2. **Session Expires Before PNR**: PNR remains globally retrievable
3. **List After Session Expiry**: Returns empty (session reference deleted)
**Configuration**:
```bash
PNR_TTL_HOURS=1
SESSION_TTL_HOURS=24
```
**Storage Efficiency**: ~2KB per PNR, 1000 PNRs = 2MB, auto-cleanup via Valkey TTL.
---
### Decision 12: CORS Configuration
**Decision**: Permissive Wildcard CORS with Network-Level Access Control
**Question**: How to configure CORS for web-based MCP clients?
**CORS Policy**: `Access-Control-Allow-Origin: *` (wildcard)
**Rationale**:
- ✅ Maximum compatibility - any web client can connect from any domain
- ✅ Simplifies development - no origin whitelist configuration
- ✅ Enables browser tools, Chrome extensions, web IDEs
- ⚠️ Requires network-level security (firewall, VPN, private network)
- ⚠️ Only acceptable for trusted development/testing environments
**Security Implications**:
1. **No Credentials**: Wildcard incompatible with `Access-Control-Allow-Credentials: true` (acceptable - we have no auth)
2. **Public Data**: Any website can make requests (acceptable - test data only)

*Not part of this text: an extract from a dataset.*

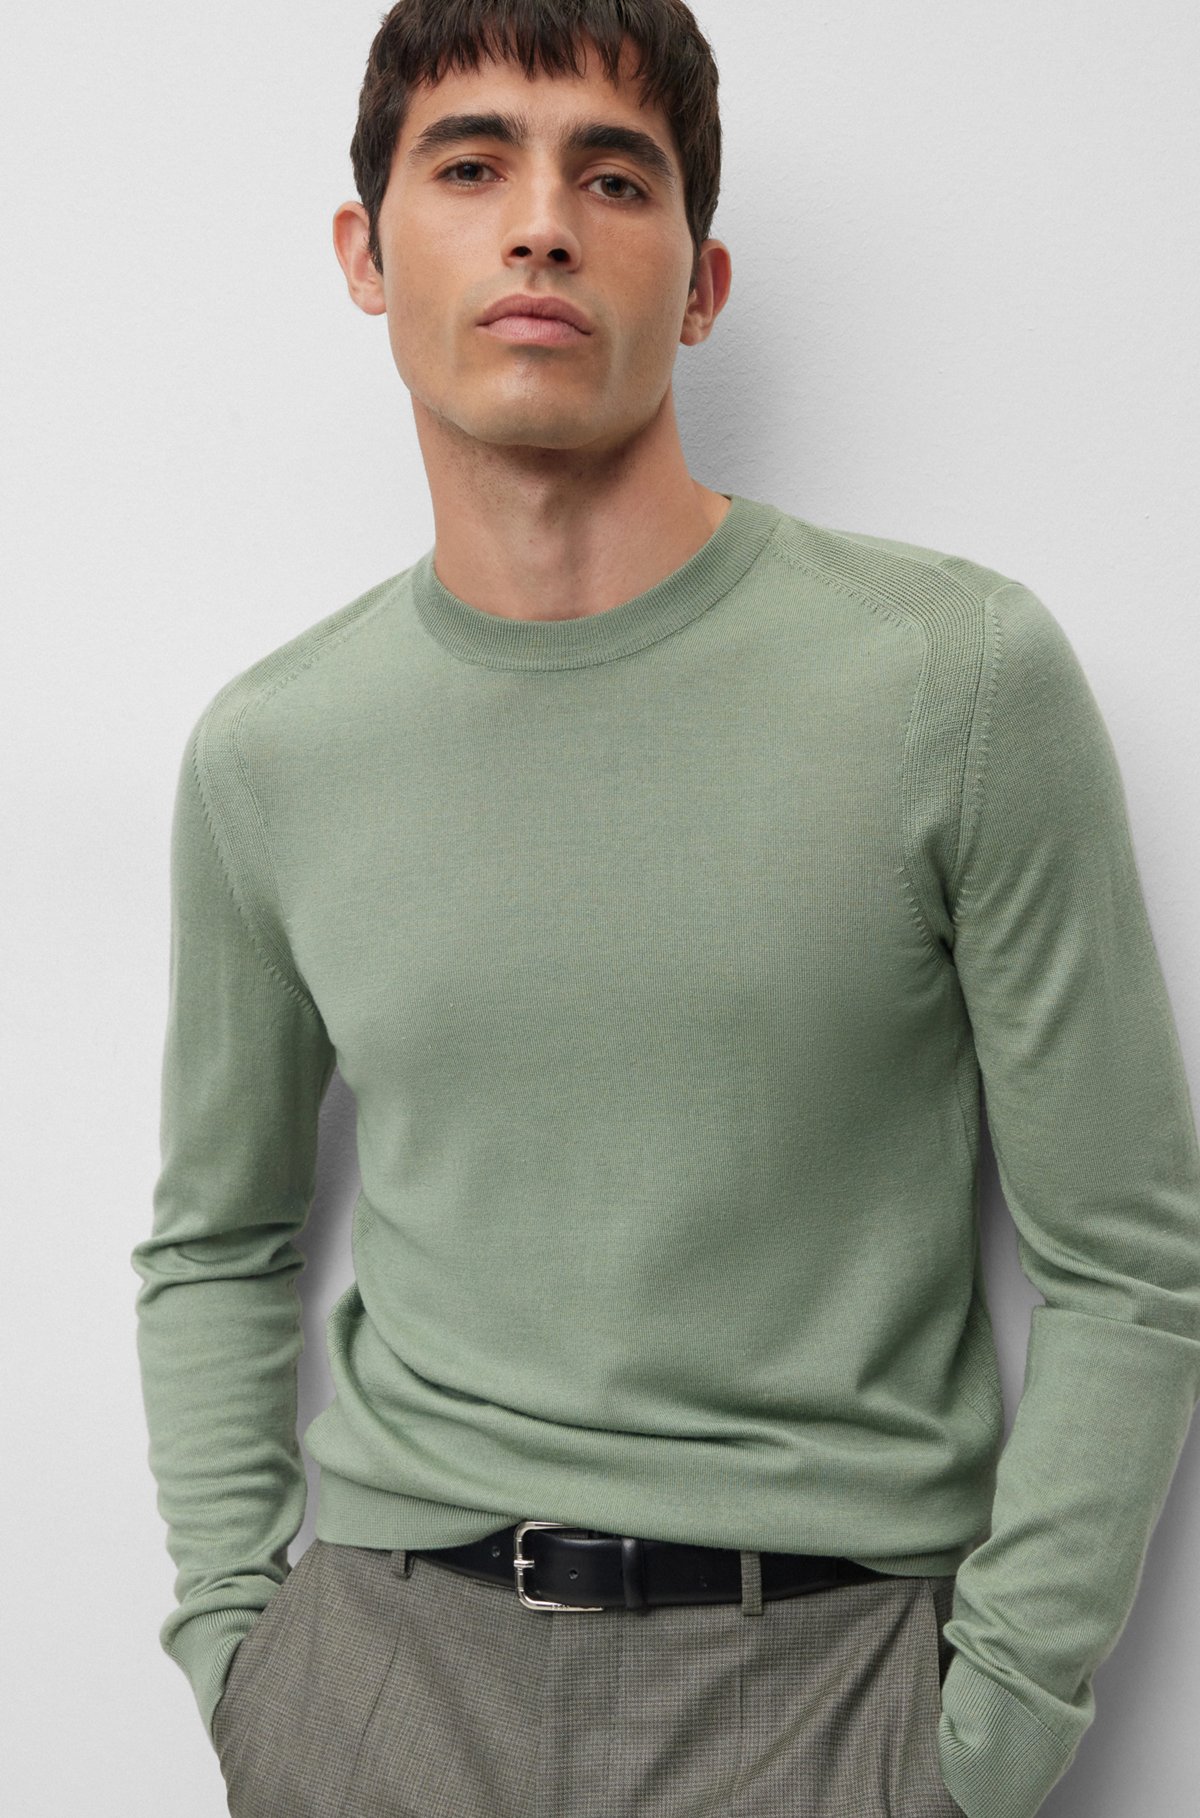 Regular-fit sweater in wool, silk and cashmere, Green

3. **CSRF Potential**: Limited risk (no authentication, state changes require valid PNR)
4. **Network Security**: Deploy within private networks, use firewall rules
**Implementation**:
```javascript
// src/remote/cors.js
export function applyCORS(req, res) {
res.setHeader('Access-Control-Allow-Origin', '*');
res.setHeader('Access-Control-Allow-Credentials', 'false');
res.setHeader('Access-Control-Allow-Methods', 'GET, POST, OPTIONS');
res.setHeader('Access-Control-Allow-Headers', 'Content-Type, MCP-Session-ID');
res.setHeader('Access-Control-Expose-Headers', 'X-RateLimit-Limit, X-RateLimit-Remaining');
res.setHeader('Access-Control-Max-Age', '86400');
if (req.method === 'OPTIONS') {
res.writeHead(204);
res.end();
return true; // Handled
}
return false; // Continue
}
```
**Nginx Alternative**:
```nginx
location /mcp {
if ($request_method = OPTIONS) {
add_header Access-Control-Allow-Origin * always;
add_header Access-Control-Allow-Methods 'GET, POST, OPTIONS';
return 204;
}
add_header Access-Control-Allow-Origin * always;
proxy_pass http://mcp-server:3000;
}
```
**Security Posture**: Wildcard CORS acceptable for mock server because:
1. Contains only test data (no sensitive information)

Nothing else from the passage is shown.